For instance, as of this writing, as far as either La Fabrique, or I, can determine, the school is the only one in Paris, in the whole world, where you can learn the ins and outs of the choreographer’s métier and get official certification for it. That’s because, as of July, France’s national skills and competences register, Répertoire national des certifications professionnelles, RNCP, has included those required in a choreographer. La Fabrique is the institution with a curriculum that meets the requirements.

 

Le diplôme du chorégraphe de la Fabrique de la Danse - copie

© La Fabrique de la Danse

 

I think it’s safe to say that Vilmer is a dance performer with a scientific background and serious business experience rather than some other way around.

In her school years, she took up classic dance and earned praise and prizes for it. Then, at the Paris Conservatory, she practiced contemporary dance for two years under the eyes of teachers such as Peter Goss, Joëlle Mazet and Susan Alexander.

She then turned away from dance training to prepare for life widely, taking degrees in engineering and mathematics – France’s educative equivalents of, say, in US terms, Harvard law with a stint in a graduate school of politics. She followed on with work in international corporate management, where, among other things, she contributed proudly and personally, she says, to ESG charter projects.

While in the corporate web Vilmer successfully kept up her dance. In fact, in a recent conversation with Christine Bastin, the latter went out of her way more than once to emphasize that Vilmer is a talented dance performer and choreographer. Indeed, in December, she’ll premier M51, a dance performance for 54 persons (in which she will perform), co-written with La Fabrique associate Emmanuelle Simon, with a digital scene by Damien Serban and original music by Baptiste Lagrave. As I say, energy, wit.

In 2010, Vilmer founded the amateur dance troupe Danse en Seine, whose stated mission is to “re-invent” the concept of amateur dance and dream “ambitious dreams”. In 2013, the troupe wanted to perform Gueule de Loup (“Wolf’s Maw”), Christine Bastin’s dance performance for five created for the 1992 Lyon Biennale de la danse.

That meeting seems to have been one of minds. In 2015, Vilmer and Bastin set up La Fabrique. Vilmer became president, using her energy wit and experience to do the necessary entrepreneurship and general management. Bastin became artistic director, contributing her choreography skills and experience to building and refining the school’s unique offering.
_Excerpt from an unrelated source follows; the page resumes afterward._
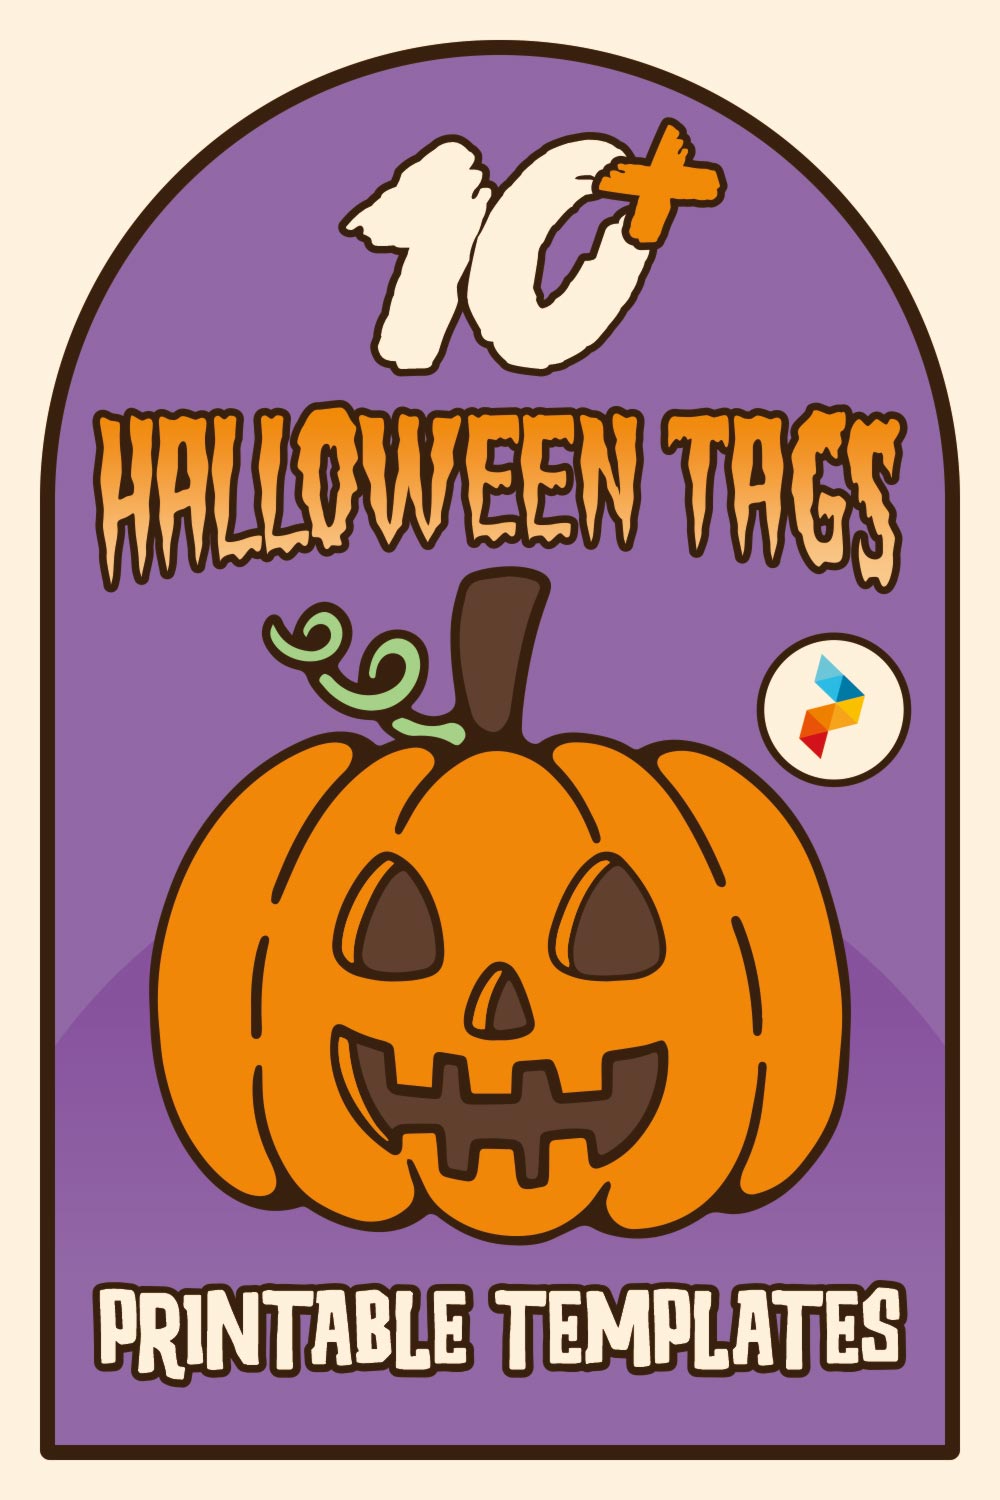 Halloween Tags Printable Templates

The idea of La Fabrique then, as now, was/is to turn out a “finished product”, a skilled dance performer, surely, but also a competent and efficacious creator.

It turns out that, as in many other contemporary endeavors, say, independent journalism or scriptwriting, creativity is not sufficient to a dance performer’s professional success. A body has to produce, too: administrate, manage and communicate.

When she speaks of educational goals, Vilmer says La Fabrique looks to train up “creation entrepreneurs”. She insists on, underlines, emphasizes the word “entrepreneur” as opposed to “manager”). She then describes La Fabrique as a “choreography incubator”, saying the heart of dance performance is “creation, a process very much personal to the creator, that needs to find nourishment and support from the outside” …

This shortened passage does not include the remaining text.